First notice that since $$i_k$$ is uniformly distributed on $$\{1,\dots ,n\}$$ and $$x_k$$ and $$i_k$$ are independent, we have:

\begin{aligned} \,{\mathbb {E}} \bigl ( u_k \,\big |\, x_k \bigr ) = \,{\mathbb {E}} \bigl ( \nabla f_{i_k}(x_k) \,\big |\, x_k \bigr ) = \frac{1}{n}\sum _{i=1}^n \nabla f_i(x_k) = \nabla g(x_k) \end{aligned}

Consequently, we have:

\begin{aligned} \,{\mathbb {E}} \left( \begin{bmatrix} x_k-x_\star \\ u_k \end{bmatrix}^{\mathsf {T}}\! \begin{bmatrix} -2mI_p &{} I_p \\ I_p &{} 0_p\end{bmatrix} \begin{bmatrix} x_k-x_\star \\ u_k \end{bmatrix}\bigg |\ x_k\right) = \begin{bmatrix} x_k-x_\star \\ \nabla g(x_k) \end{bmatrix}^{\mathsf {T}}\! \begin{bmatrix} -2m I_p &{} I_p\\ I_p &{} 0_p\end{bmatrix} \begin{bmatrix} x_k-x_\star \\ \nabla g(x_k) \end{bmatrix} \ge 0 \end{aligned}
(54)

where the inequality in (54) follows from the definition of $$g \in {\mathcal {S}}(m,\infty )$$.

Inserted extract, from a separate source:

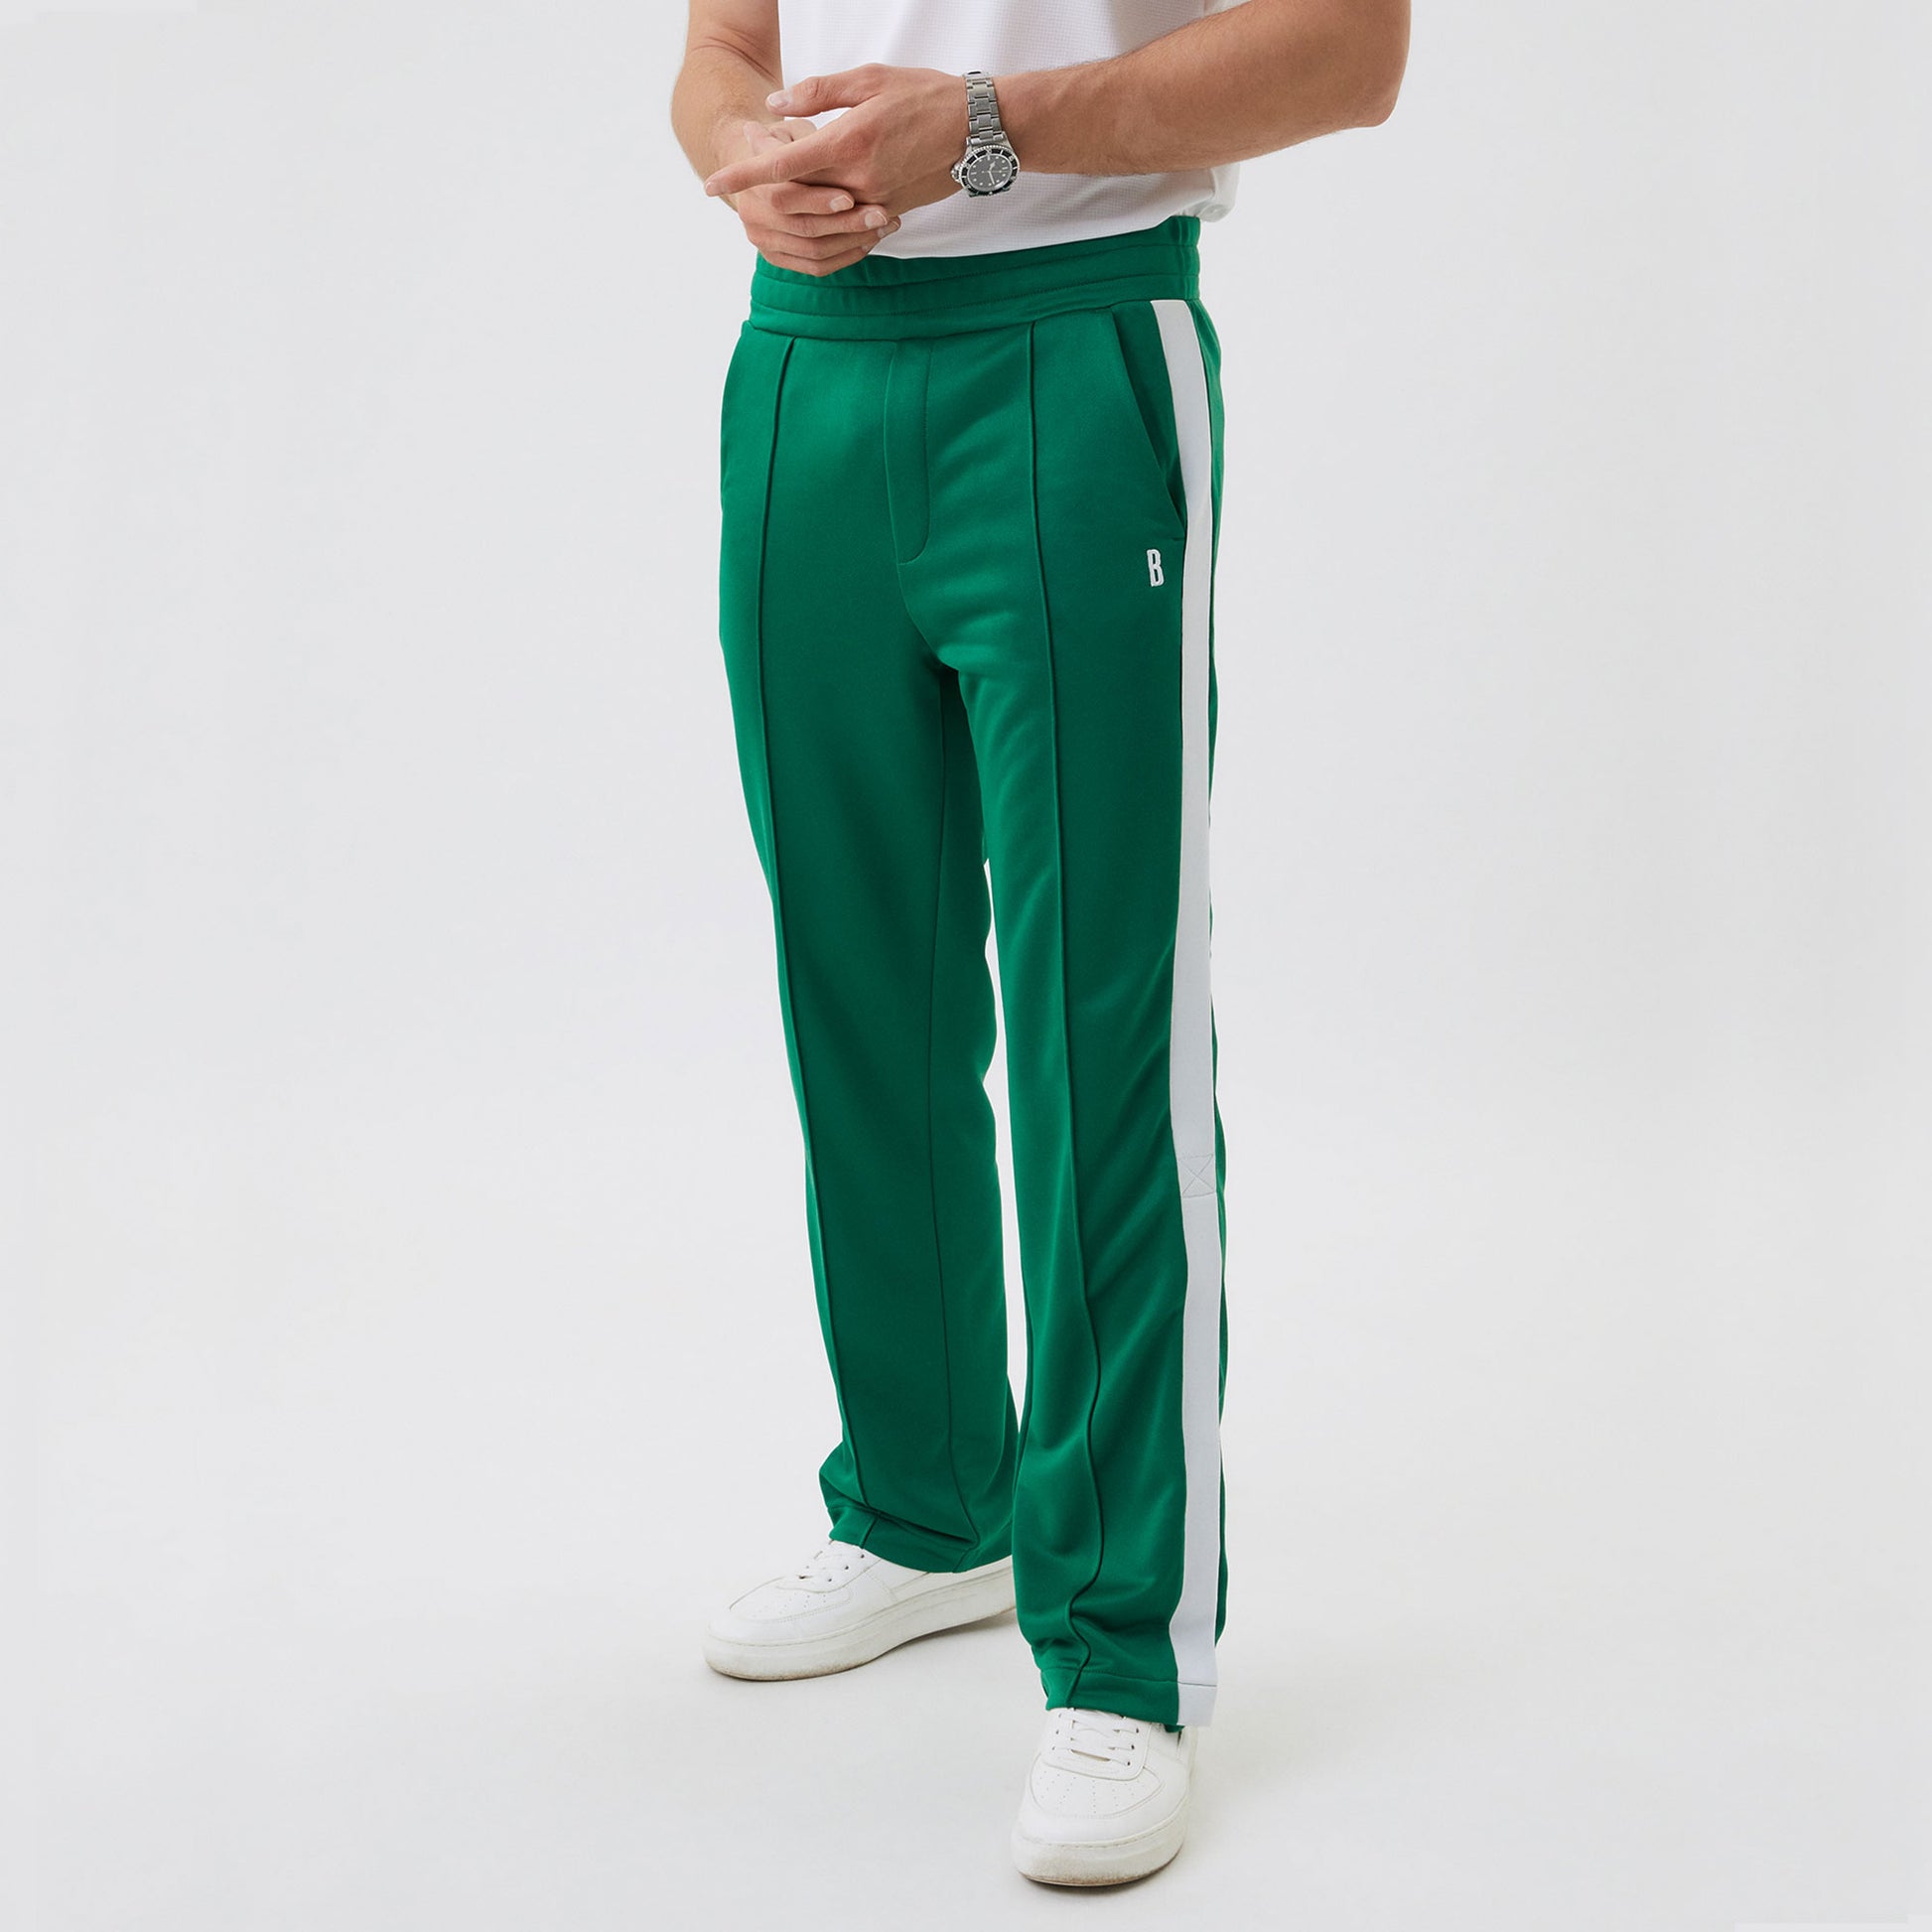 Björn Borg Ace Men's Tennis Pants Green (1)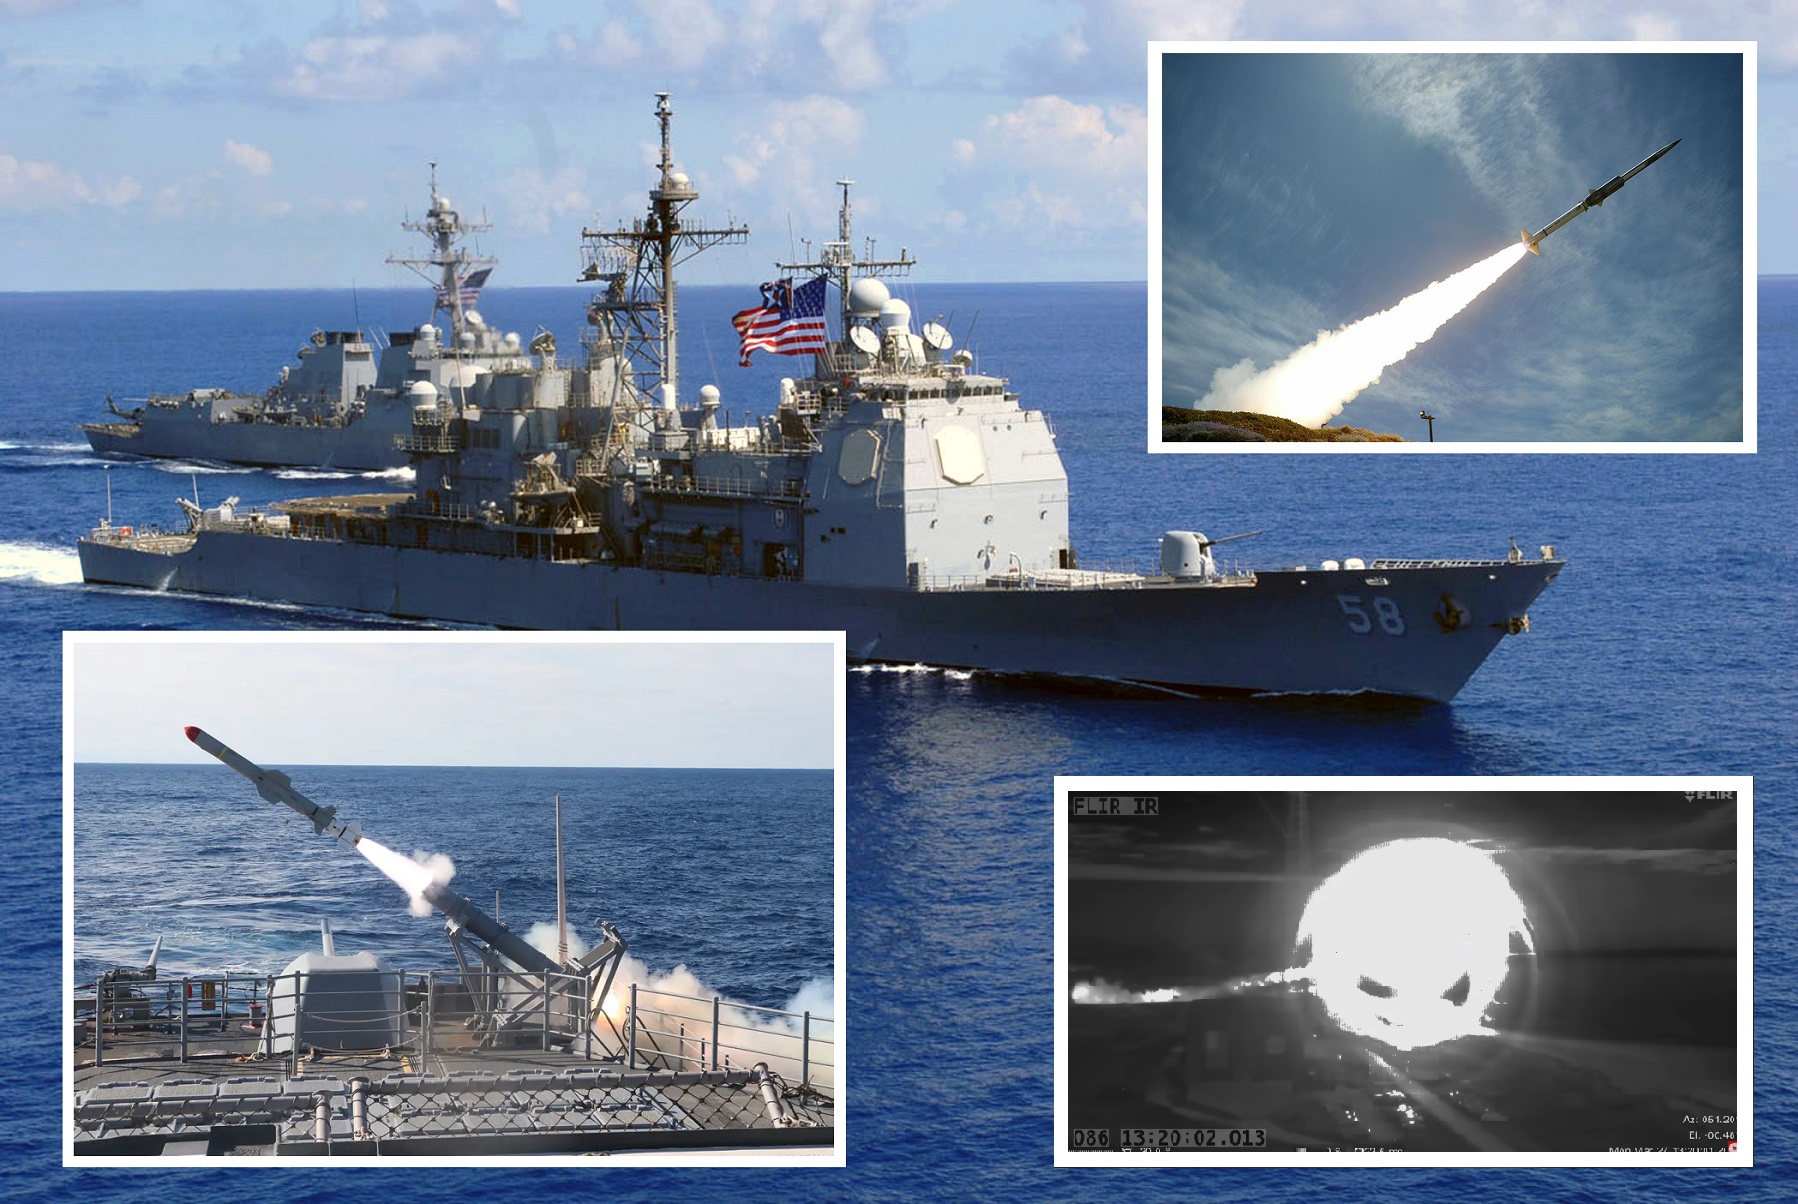 Il cacciatorpediniere USS Mason e l'incrociatore USS Philippine hanno distrutto il bersaglio supersonico GQM-163 Coyote con due missili SM-2 in pochi secondi.

Next we prove (12), let’s start with Case I, the boundedness constraint $$\Vert \nabla f_i(x_k)\Vert \le \beta$$ implies that $$\left\| u_k\right\| \le \beta$$ for all k. Rewrite as a quadratic form to obtain:

\begin{aligned} \begin{bmatrix} x_k-x_\star \\ u_k \end{bmatrix}^{\mathsf {T}}\begin{bmatrix} 0_p &{}\quad 0_p \\ 0_p &{}\quad -I_p \end{bmatrix} \begin{bmatrix} x_k-x_\star \\ u_k \end{bmatrix} \ge -\beta ^2 \end{aligned}
(55)

The boundedness constraint $$\Vert \nabla f_i(x_k)-mx_k\Vert \le \beta$$ implies that:

\begin{aligned} \left\| u_k-m(x_k-x_\star )\right\| ^2&\le \left\| (u_k-mx_k)+mx_\star \right\| ^2 + \left\| (u_k-mx_k)-mx_\star \right\| ^2\\&=2\left\| u_k-mx_k\right\| ^2 + 2m^2\left\| x_\star \right\| ^2 \\&\le 2\beta ^2 + 2m^2\left\| x_\star \right\| ^2 \end{aligned}

As in the proof of Case I, rewrite the above inequality as a quadratic form and we obtain the second row of Table 1.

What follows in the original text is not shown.